### [Source data]

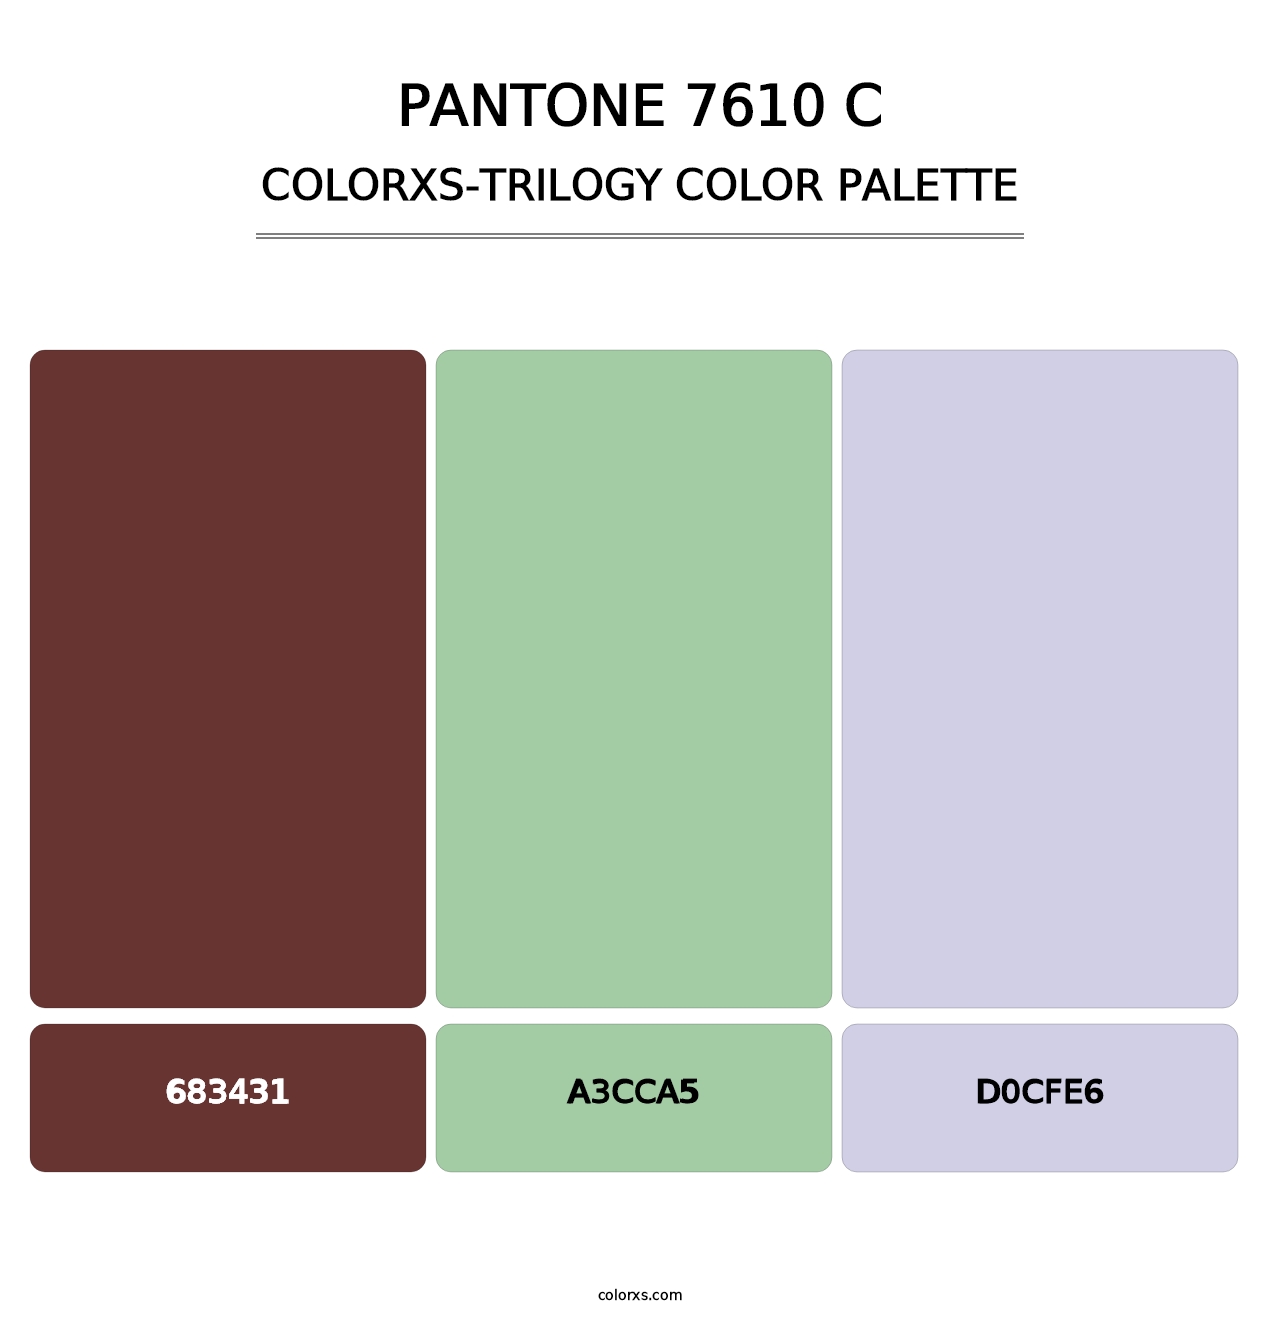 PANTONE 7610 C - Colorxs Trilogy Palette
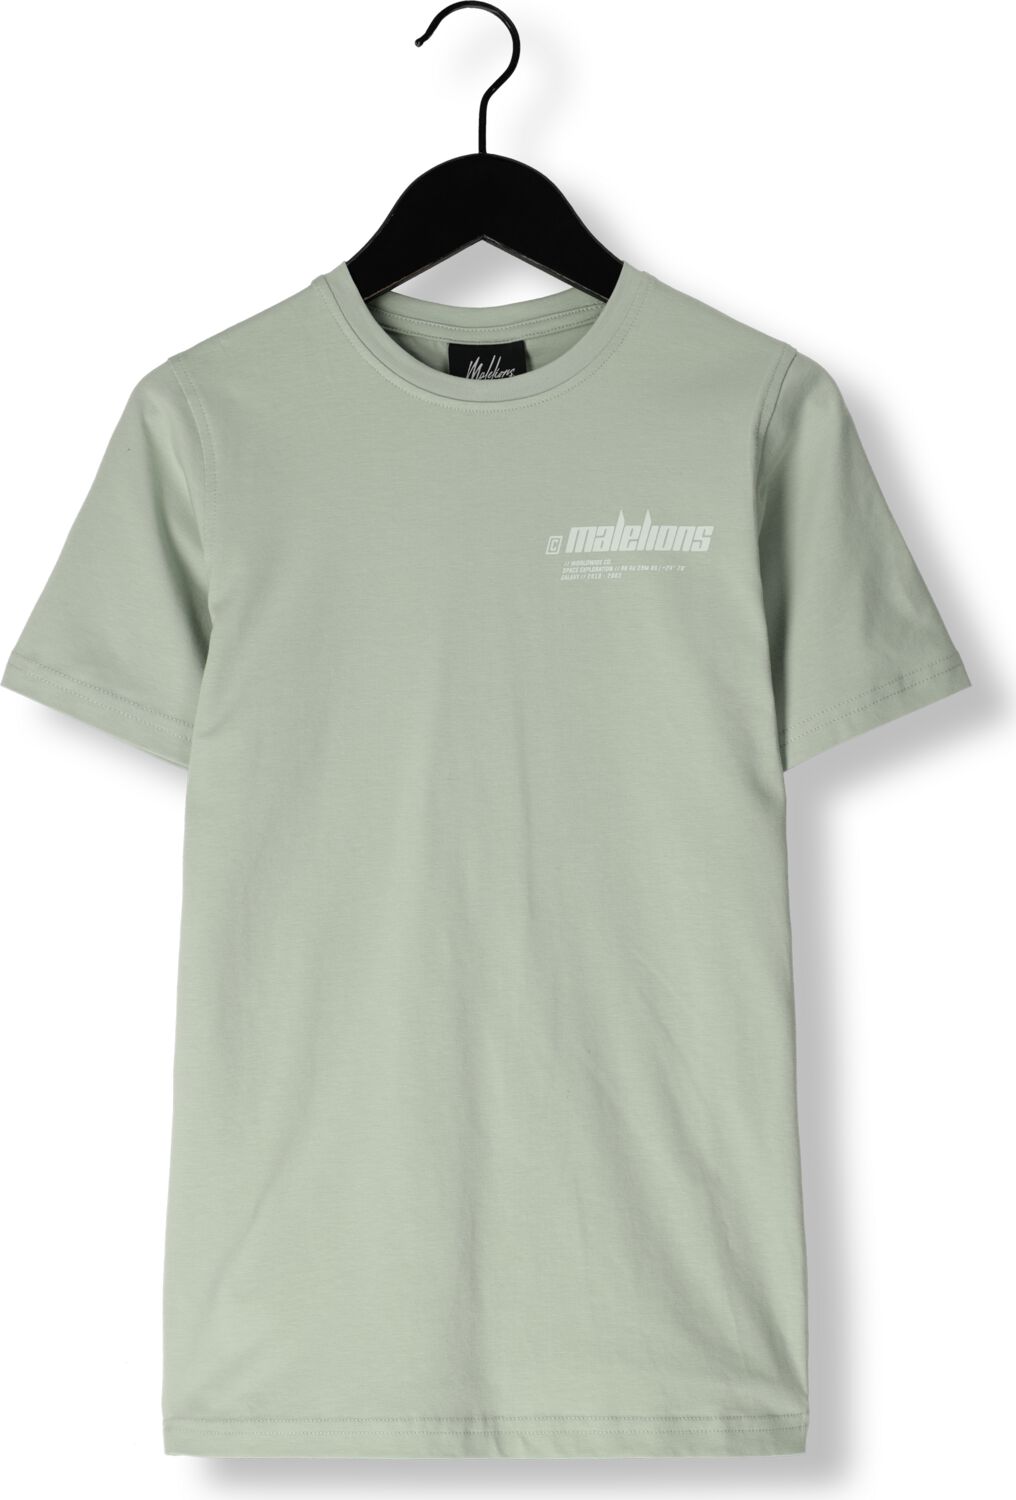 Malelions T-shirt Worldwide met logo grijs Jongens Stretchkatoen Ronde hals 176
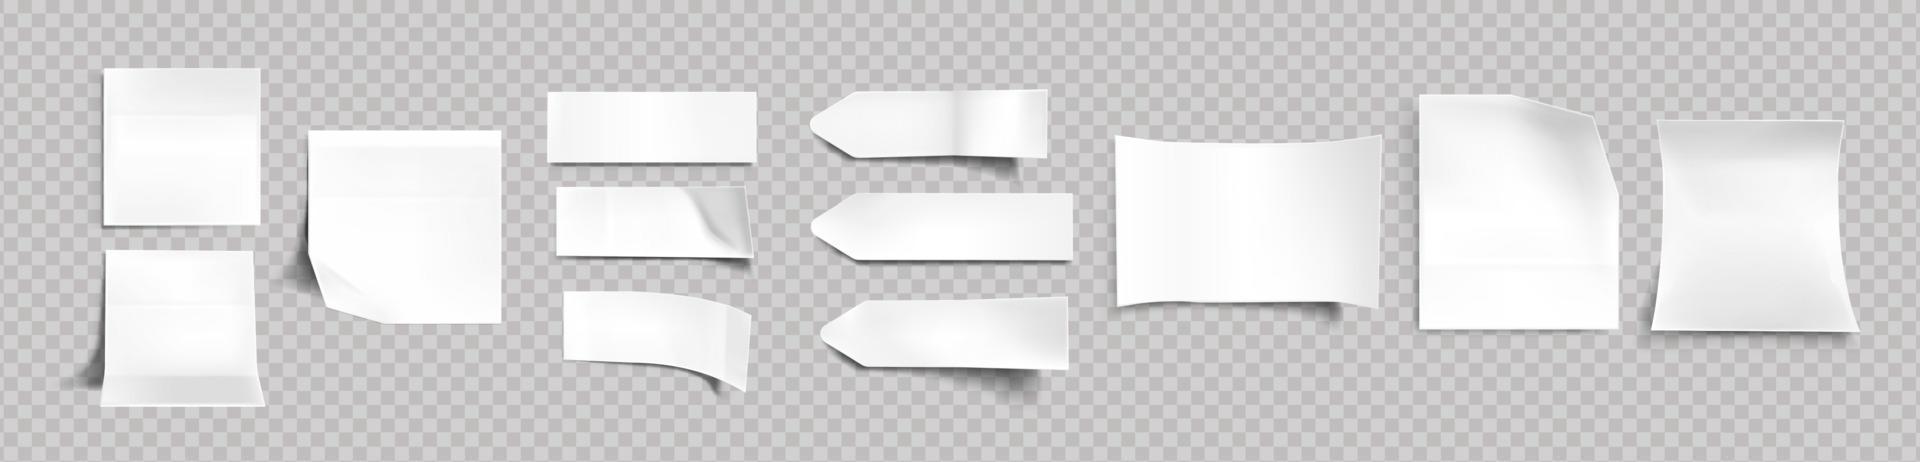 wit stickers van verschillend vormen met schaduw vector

### [Exercise instructions]
Leave the images out as you retype each line of the material exactly.

### [Written solution]
 PANTONE 7610 C - Colorxs Trilogy Palette
 Malelions T-shirt Worldwide met logo grijs Jongens Stretchkatoen Ronde hals 176
 wit stickers van verschillend vormen met schaduw vector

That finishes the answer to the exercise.